Sliding Window Price Predictions

Lauren Faulds
Analytics Vidhya
Published in
6 min readJul 21, 2020

The code used here is available in its original repository in .ipynb format. You can download it & fiddle with it in Jupyter Notebook on your own device.

Intro

Today we’ll be seeing how we can use historic produce prices to make predictions over a twenty year period. This will be done in Python using a simple linear regression model. Beautiful Soup 4 helps with parsing the observations from an online source. This data will then be accessed & manipulated from a Pandas dataframe. Training will be done on a sliding window; this and model fitting will be conducted using Sci Kit Learn.

Our package imports:

from bs4 import BeautifulSoup
import requests
import numpy as np
import pandas as pd
from pandas import concat
from sklearn.model_selection import TimeSeriesSplit
from sklearn.linear_model import LinearRegression
from sklearn.metrics import mean_squared_error
from math import sqrt

This post covers the core functions for linear regression using a sliding window on time series data. To see more on visualizing the results of our linear regression with Yellowbrick as well as other findings, please see original repository.

✧ Outline of this Post:

  1. Preparation — Getting model ready data with acquisition, cleaning & feature engineering
  2. Model Fitting — Linearly regressing time series splits
  3. About the Data — More on produce
Produce in basket

Acquisition

The function created for acquiring Produce data is very much tailored for the unique website: Produce Price Index. Here’s a look at the sort of information we’ll be extracting.
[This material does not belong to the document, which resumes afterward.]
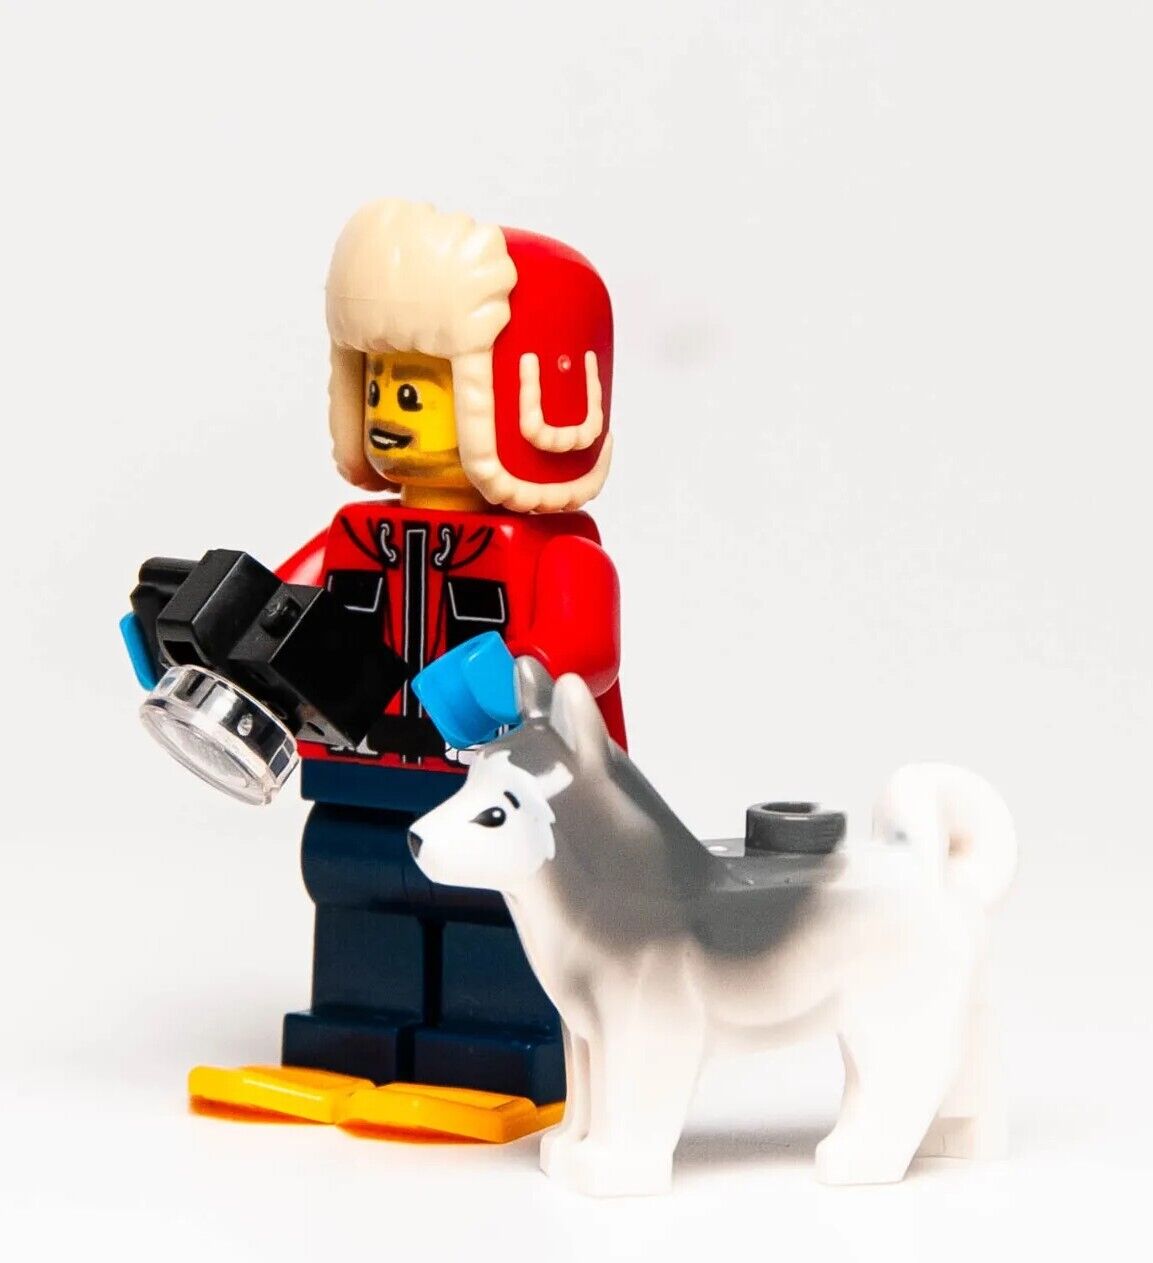 LEGO Minifigure Photographer Biologist & Husky Arctic (cty0905) 60194 60191 (brr

Commodity, Record Date, Farm Price, Atlanta Retail, Chicago Retail, Los Angeles Retail, New York Retail, Average Spread

We’ll need to parse the HTML to save each row’s unique values. For 638 pages worth, there are about 15,950 rows. Luckily with the package Beautiful Soup (v4) it’ll be easy enough to distill what we need from this resource (see link for installation process). Values are held in specific HTML classes, such as Strawberries in “fix-width-16”. These classes’ contents will be emptied then zipped together as tuples.

def getproducedata(inpages):
'''
The number argument inpages will be the page the function finishes on. Each row's values will be stored in a tuple & added to returned list tuple_data.
'''
tuple_data = []
url = "http://www.producepriceindex.com/produce-price-index?field_ppi_commodity_target_id=All&field_ppi_date_value%5Bmin%5D&field_ppi_date_value%5Bmax%5D&page={}"
page_nums = list(range(inpages))

for page_num in page_nums:
page_url = url.format(page_num)
rawhtml = requests.get(url.format(page_num)).text
body = BeautifulSoup(rawhtml, "lxml").tbody

producelist = []
for produceitem in body.find_all("td", {"class": "fix-width-16"}):
producelist.append(produceitem.text.strip())

pricedatelist = []
for pricedate in body.find_all("td", {"class": "fix-width-12"}):
pricedatelist.append(pricedate.text.strip())
# The list is broken up into pieces, for 6 values in each row
pricedate_list = [pricedatelist[x:x+6] for x in range(0, len(pricedatelist),6)]

#Spaces are removed before the spread value is added
spreadlist = []
for each in body.find_all("td", {"class":"views-field views-field-expression-4"}):
spreadlist.append(each.text.strip())

#combine spread with the rest of the pricedate list
pricedate_list = [x + [y] for x, y in zip(pricedate_list, spreadlist)]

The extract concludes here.